Olivier Delalleau, Maxim Peter, Eloi Alonso, Adrien Logut
While most current research in Reinforcement Learning (RL) focuses on improving the performance of the algorithms in controlled environments, the use of RL under constraints like those met in the video game industry is rarely studied. Operating under such constraints, we propose Hybrid SAC, an extension of the Soft Actor-Critic algorithm able to handle discrete, continuous and parameterized actions in a principled way. We show that Hybrid SAC can successfully solve a high-speed driving task in one of our games, and is competitive with the state-of-the-art on parameterized actions benchmark tasks. We also explore the impact of using normalizing flows to enrich the expressiveness of the policy at minimal computational cost, and identify a potential undesired effect of SAC when used with normalizing flows, that may be addressed by optimizing a different objective.

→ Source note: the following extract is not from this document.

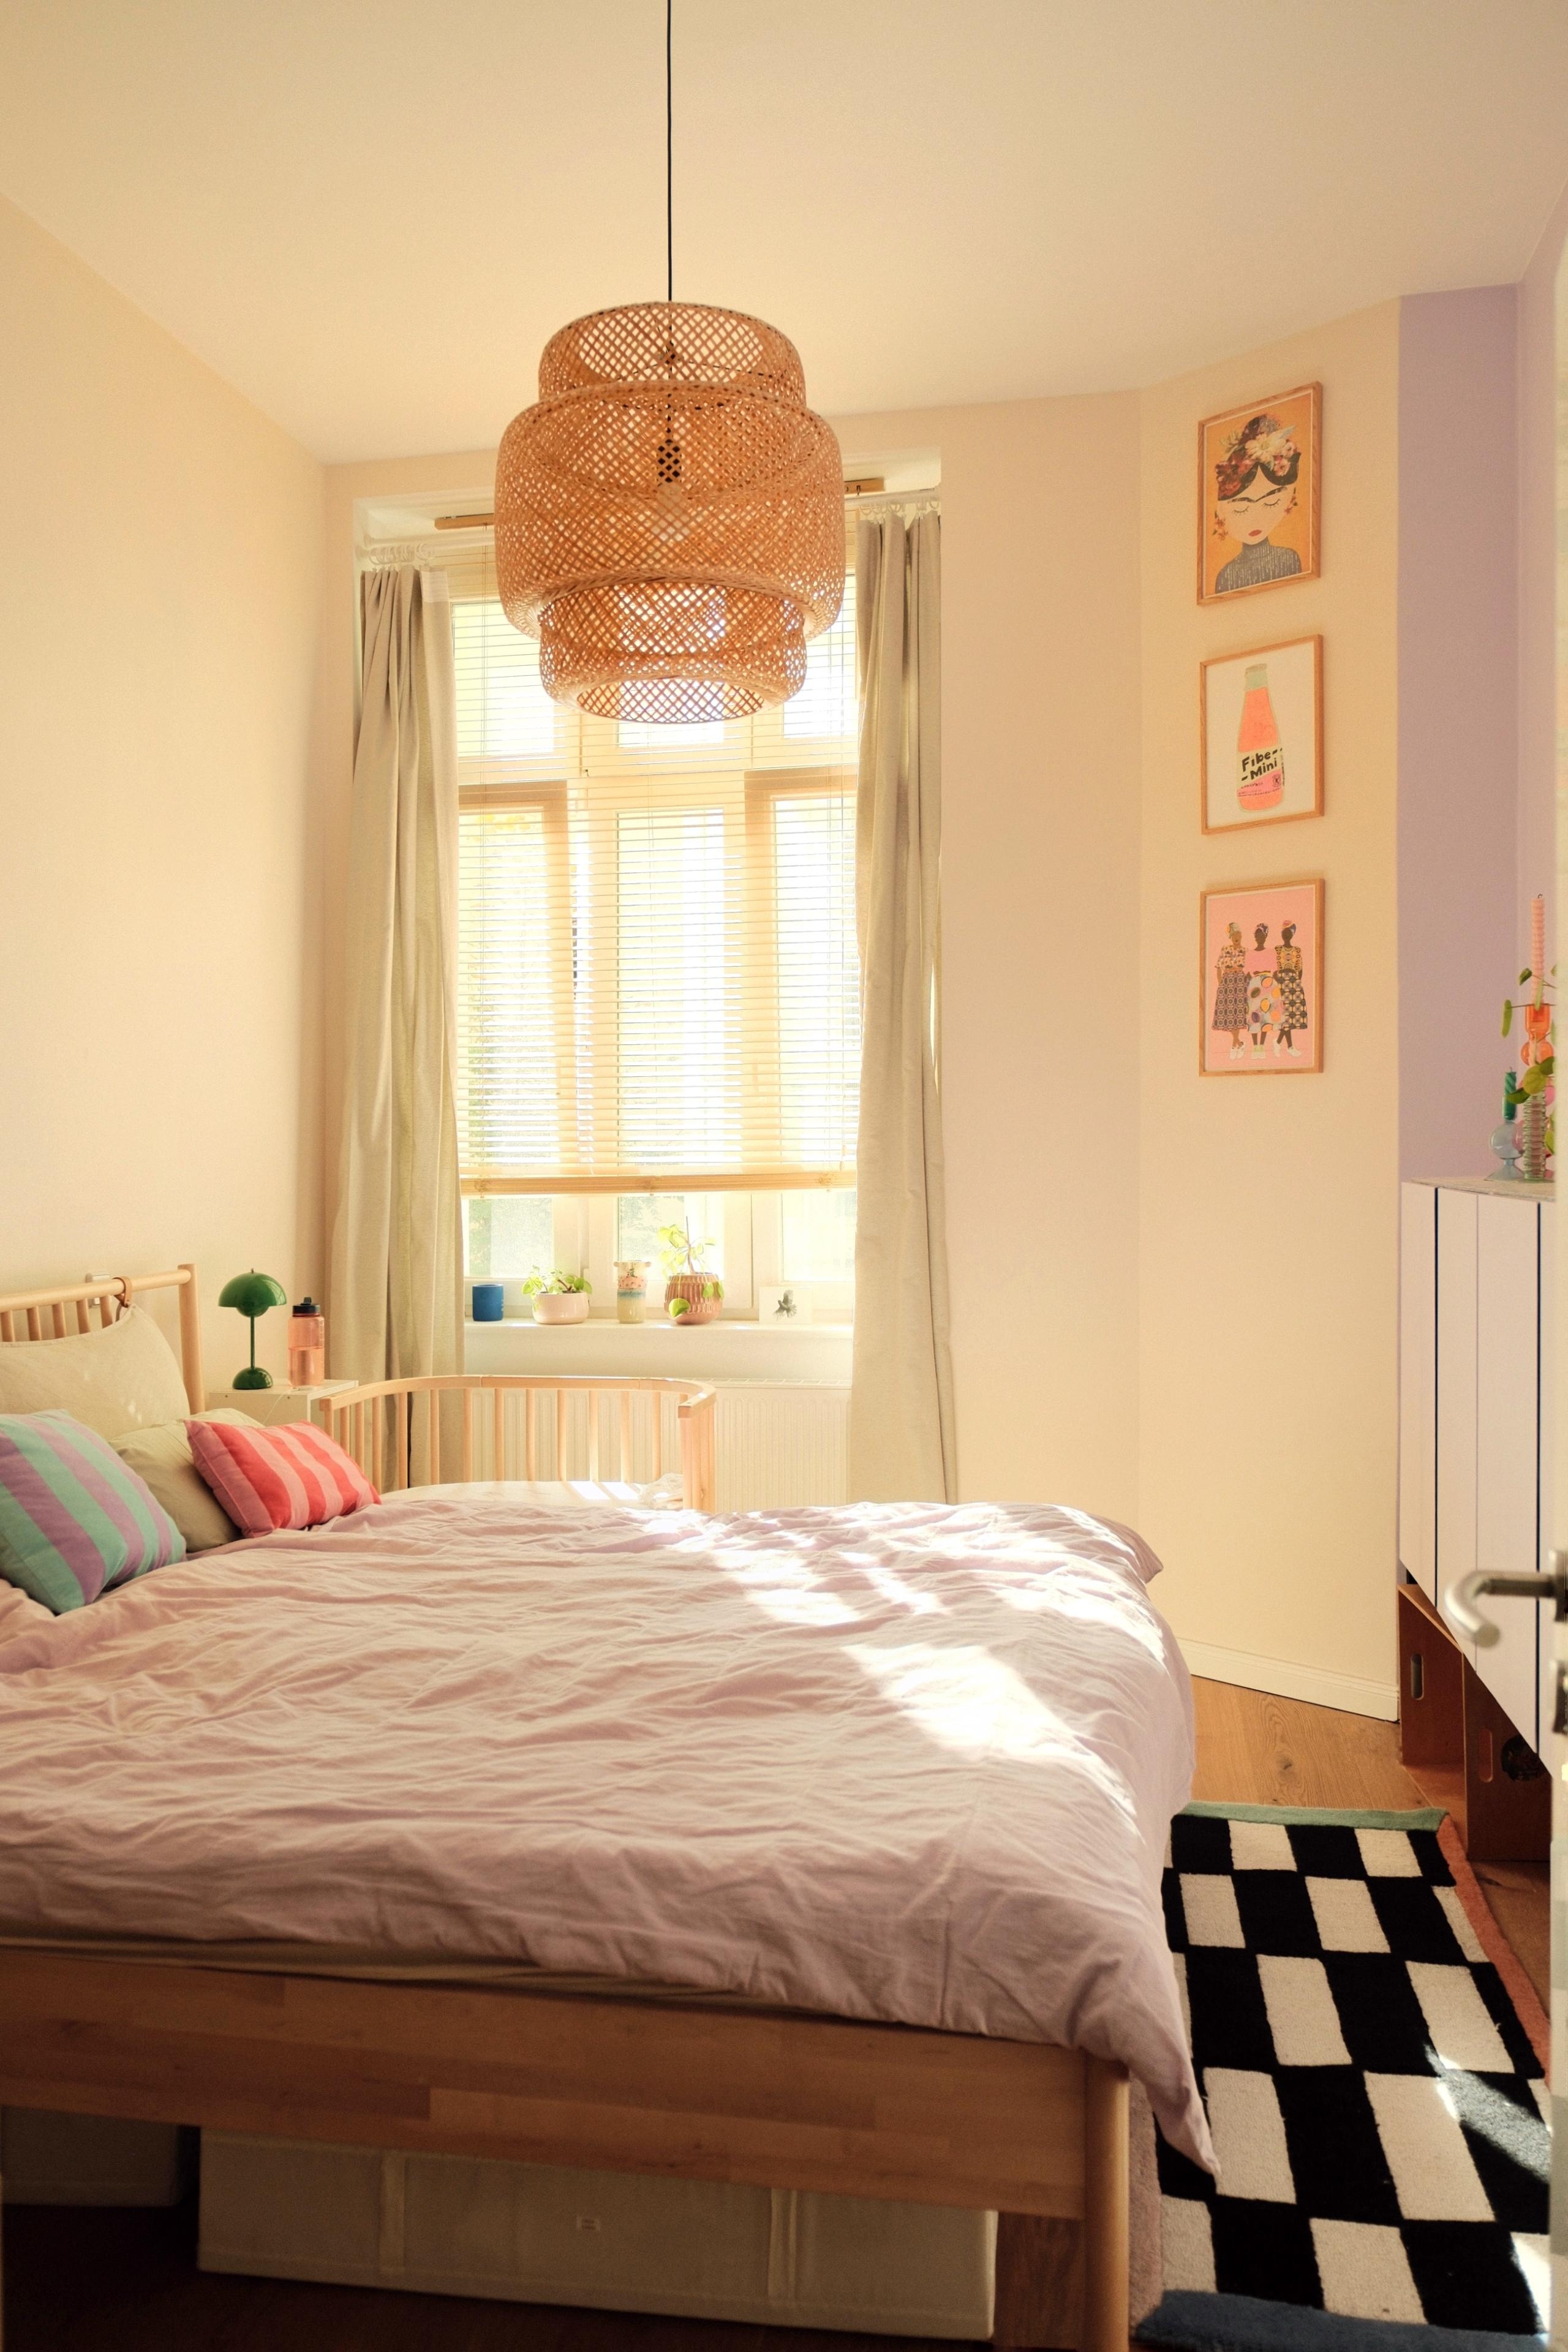 #schlafzimmer #kleinesschlafzimmer  #altbauwohnung #couchliebt #gemütlich #farbenfroh #interior #rattan #teppich

Reinforcement Learning (RL) applications in video games have recently seen massive advances coming from the research community, with agents trained to play Atari games from pixels (Mnih et al. 2015) or to be competitive with the best players in the world in complicated imperfect information games like DOTA 2 (OpenAI 2018) or StarCraft II (Vinyals et al. 2019a; 2019b). These systems have comparatively seen little use within the video game industry, and we believe lack of accessibility to be a major reason behind this. Indeed, really impressive results like those cited above are produced by large research groups with computational resources well beyond what is typically available within video game studios.
Our contributions are geared towards industry practitioners, by sharing experiments and practical advice for using RL with a different set of constraints than those met in the research community. For example, in the industry, experience collection is usually a lot slower, and there are time budget constraints over the runtime performance of RL agents. We thus favor off-policy algorithms to improve data efficiency by re-using past experience, and constrain our architectures
The approach we propose in this paper is based on Soft Actor-Critic (Haarnoja et al. 2018b), which was originally designed for continuous actions problems. We explore ways to extend it to a hybrid setting with both continuous and discrete actions, a situation commonly encountered in video games. We also attempt to use normalizing flows (Rezende and Mohamed 2015) to improve the quality of the resulting policy with roughly the same number of parameters, and analyze why this approach may not be working as well as we initially expected.
Results in a commercial video game
We trained a vehicle in a Ubisoft game, using the proposed Hybrid SAC with two continuous actions (acceleration and steering) and one binary discrete action (hand brake). The objective of the car is to follow a given path as fast as possible. Note that the agent operates in a test environment that it did not see during training, and that the discrete hand brake action plays a key role in staying on the road at such a high speed.